Six doctors from different parts of the country that Bloomberg spoke to, said that stomach pain, nausea, vomiting, loss of appetite, hearing loss and joint pain are some common ailments found in those admitted with COVID. They suspect it to be the work of the Delta variant.

In comparison, the Beta and Gamma variants, which were first found in patients in South Africa and Brazil respectively, show little evidence of producing different clinical signs, said a recent study by scientists of University of New South Wales.

A Mumbai-based doctor who has treated eight patients for thrombotic complications (related to clotting of blood) said some COVID patients develop small blood clots, the severity of which kills their tissues, leading to formation of gangrene. Two of these patients needed amputations of fingers or a foot.

“I saw three-to-four cases the whole of last year, and now it’s one patient a week,” Ganesh Manudhane, the cardiologist told Bloomberg adding that the clots could be caused by the Delta variant.

In India, the Delta variant is suspected to be the primary reason behind the second wave of the pandemic that took the country’s tally to 18.6 million cases.

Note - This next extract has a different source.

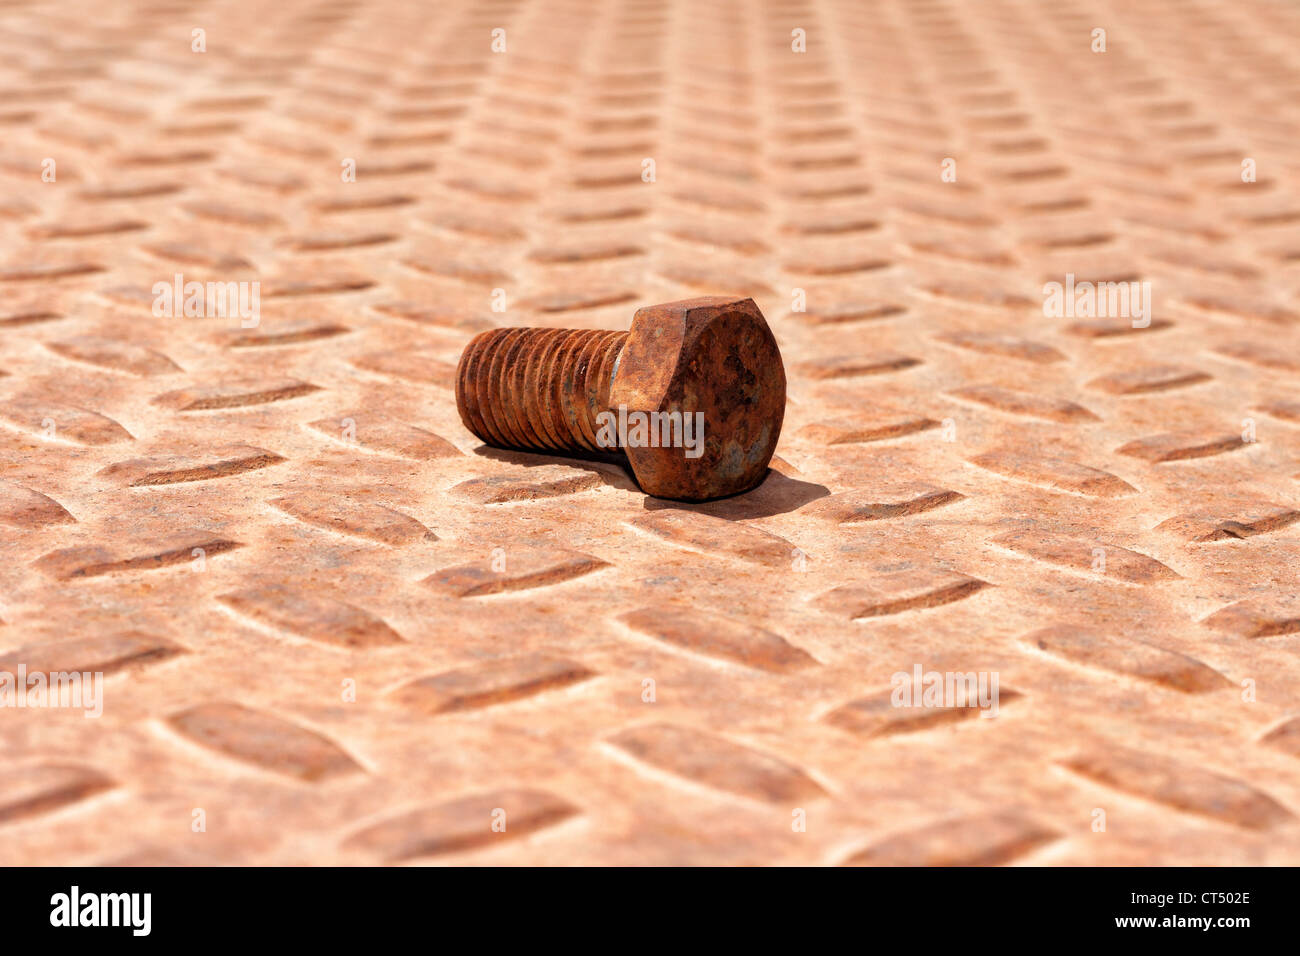 abstract, attach, background, bolt, component, diminishing, fasten, grate, grid, grunge, grungy, hardware, hexagonal, iron, loos Stock Photo

Madudhane is collecting data to find why some COVID patients develop clots while other don’t.

Other doctors have also reported about clots forming in blood vessels connected to the intestines, triggering stomach ache in patients; as well as hearing loss, swelling of neck and severe tonsillitis.

Doctors say the rapid spread of the variant seen in India is another cause of concern. Ghafur suspects the Delta variant may also be responsible for increasing household transmission as unlike last year which saw isolated cases being reported in families, now entire families are getting infected by the virus.

Related news: COVID cases drop, but Bengaluru’s fatality rate remains a worry

Emerging evidence also shows that the variant may be highly resistant to COVID-19 vaccines, calling for tweaks and mends in the extant shots.

“New vaccines have to be prepared with new variants in mind…We can’t get ahead of the virus, but at least we can keep up with it,” Ghafur said.